NOVO-OGORYOVO, Russia (Reuters) - Russian President Vladimir Putin drove home Moscow's desire to preserve its newfound friendship with Washington Thursday, despite strains over Iraq and a growing tide of anti-U.S. feeling in Russia.

Putin, often strident in his criticism of the U.S.-led war in Iraq, told reporters at a hastily organized news conference that Russia would not let emotions guide its diplomacy.

"Russia has cooperated and will continue to cooperate with the United States," Putin said. "This policy is in Russia's interest and in the interest of most of the international community. I am convinced that at the end of the day ... this is also in the interest of the United States."

Putin spoke at his residence just outside Moscow after one of Russia's most senior Muslim leaders called for a jihad or holy war against the United States.

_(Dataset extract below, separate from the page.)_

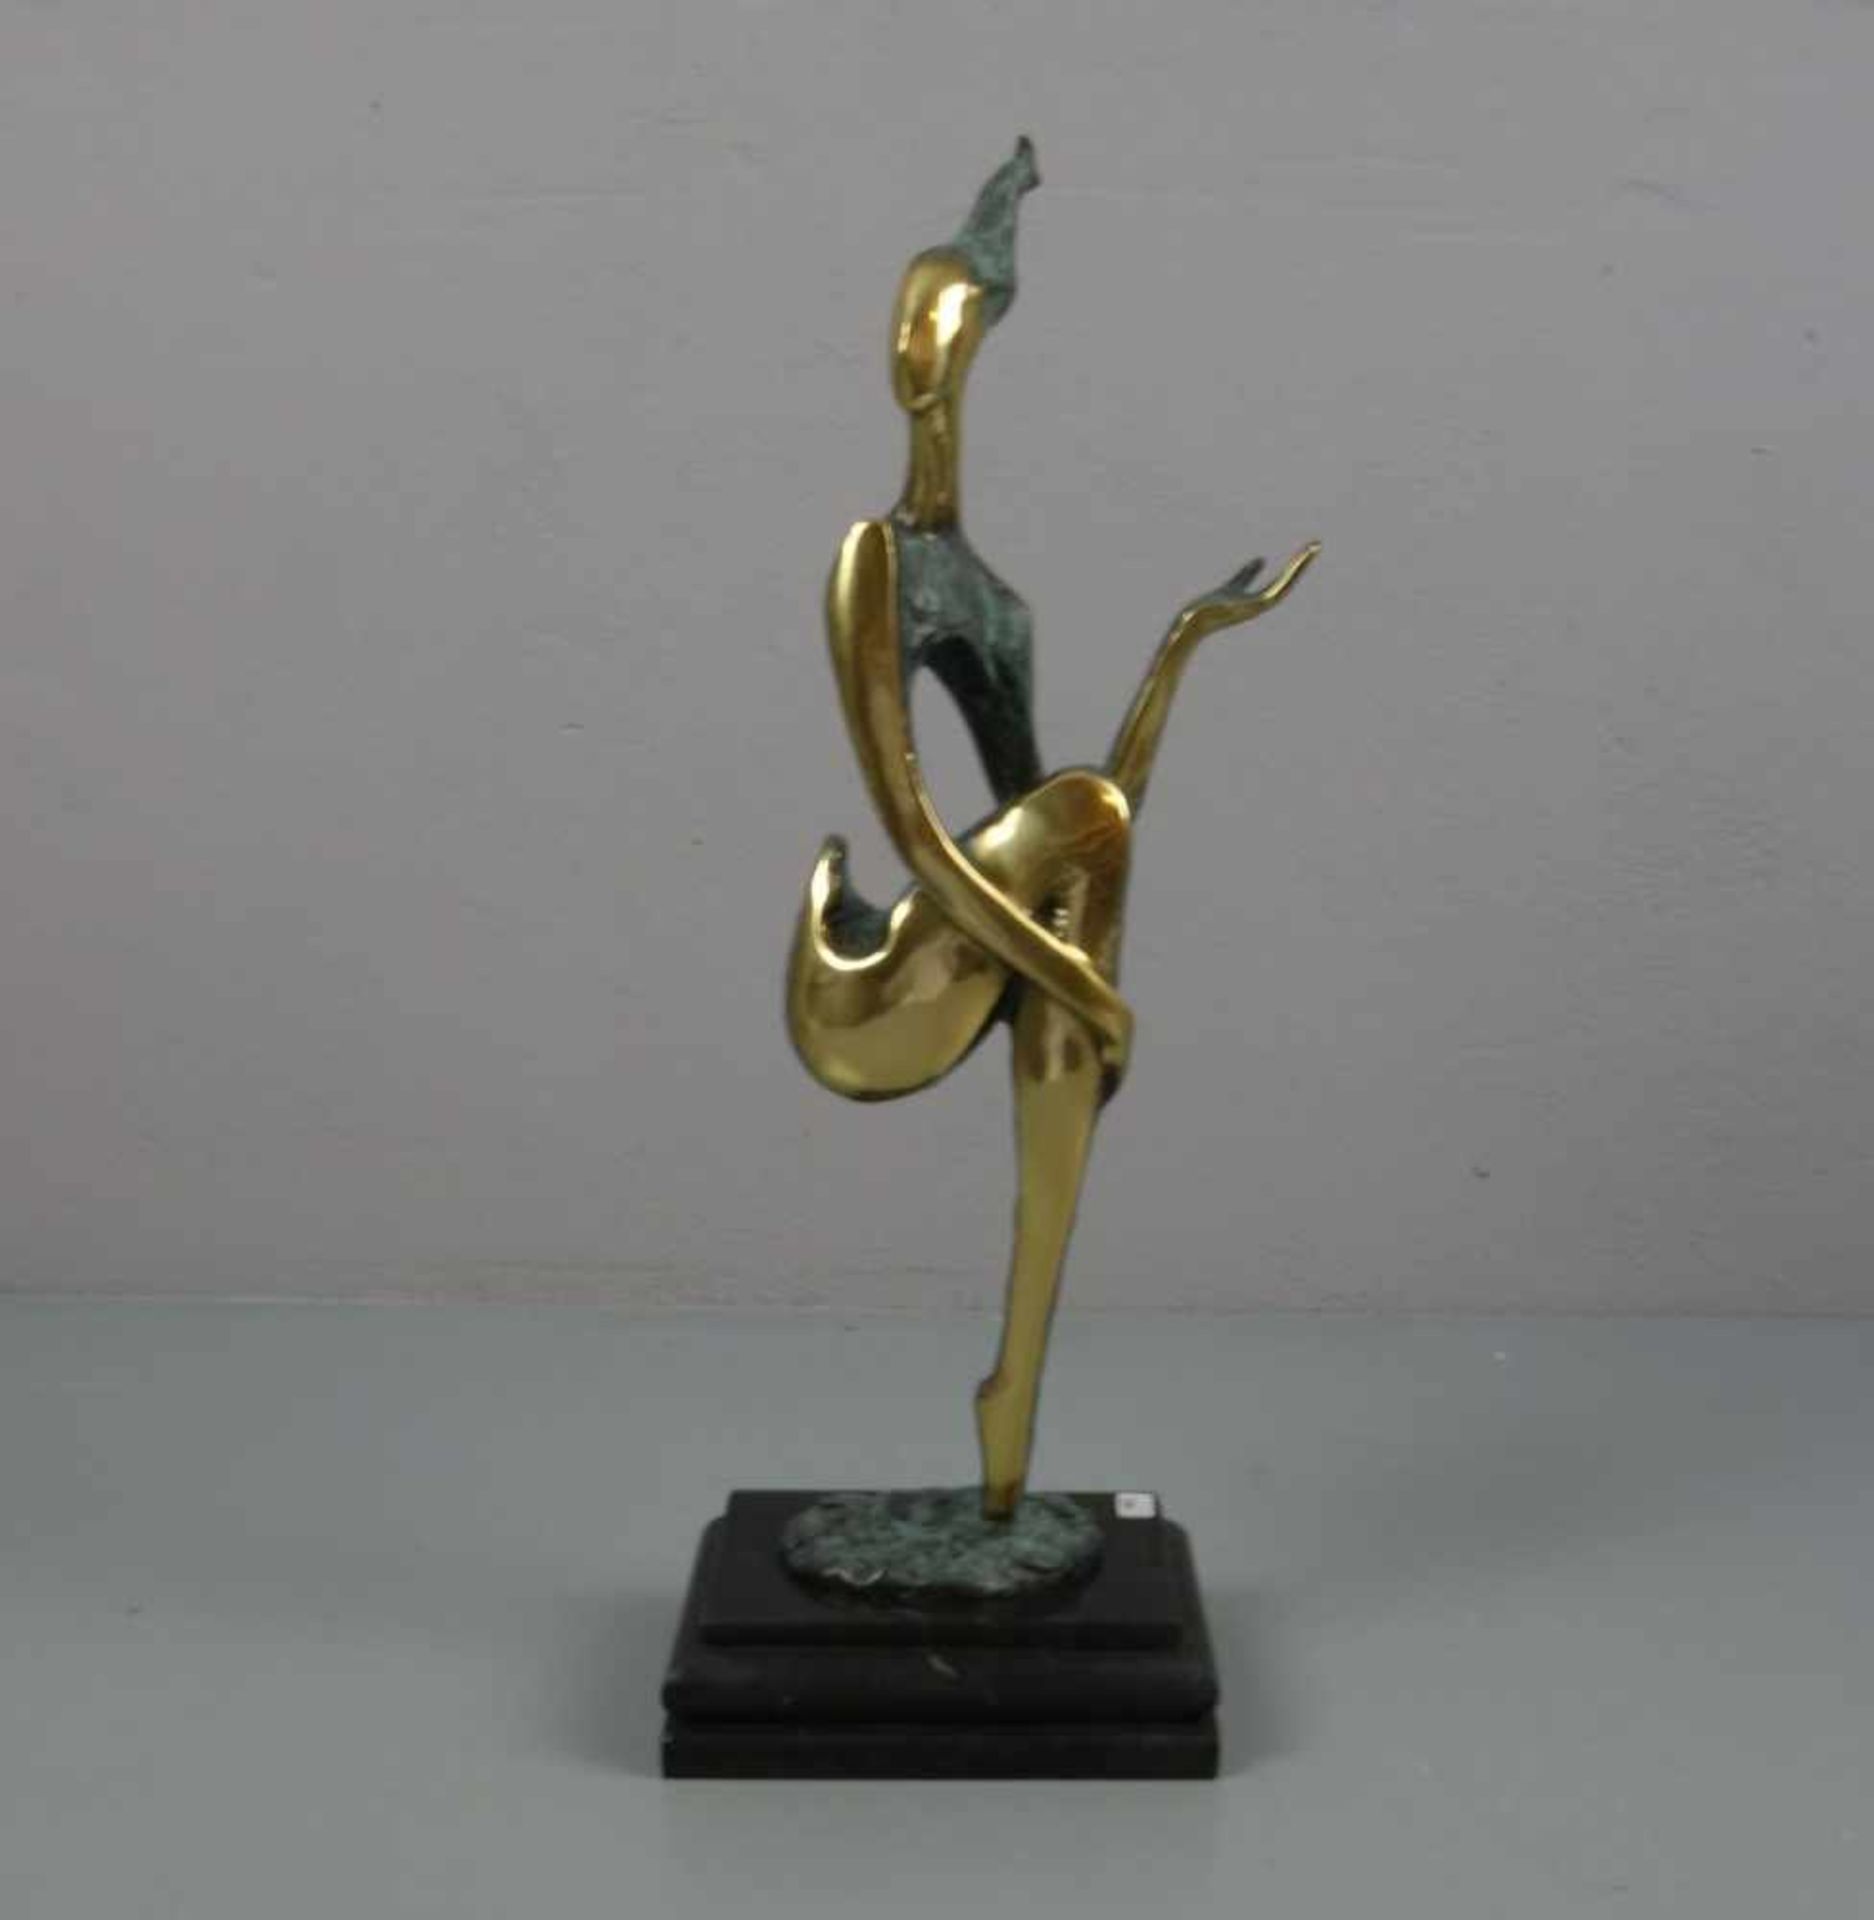 NICK (Bildhauer des 20./21. Jh.), Skulptur / sculpture: "Sitzende", Bronze, goldfarben poliert und

Russian public opinion has turned sharply against Washington's policies, although street protests have been confined to a handful of demonstrators.

A poll published Thursday by the Public Opinion Foundation found 58 percent of the 1,500 respondents wanted Iraq to win the war. Only 3 percent backed the United States.

"I can understand those people who cannot hold back. I understand and in general agree with their opinions. They are especially understandable after you watch television footage from the front line," Putin said.

"But at the same time, I think it is ill advised to follow emotion while considering or taking any decisions."

Moscow and Washington have built a close friendship. The Kremlin has supported the U.S. war on terror that followed the Sept. 11, 2001, attacks on U.S. cities.

But a diplomatic dispute over Iraq, often reminiscent of Cold War rivalry, has strained ties. Russia, with long-standing economic links with Iraq, fears its interests may be ignored in a postwar settlement should Iraqi leader Saddam Hussein be removed.

In an article published in the Friday edition of the Izvestia daily, U.S. Ambassador Alexander Vershbow said the two sides' friendship could survive the Iraq disagreements and vowed the United States would not freeze Russia out of deals struck in postwar Iraq.

"We understand Russia worries that a change in regime will have an impact on existing oil contracts and on the servicing of Iraq's debt to Russia," Vershbow said in a front-page article.

"We call on Russia to participate in discussions on a postwar strategy for Iraq and to supply humanitarian aid to the Iraqi people. This could contribute to strengthening Russia's role in a postwar settlement."

Putin spoke after Secretary of State Colin Powell and Russian Foreign Minister Igor Ivanov held talks in Brussels, the first face-to-face meeting between senior officials since the U.S.-led military campaign began two weeks ago.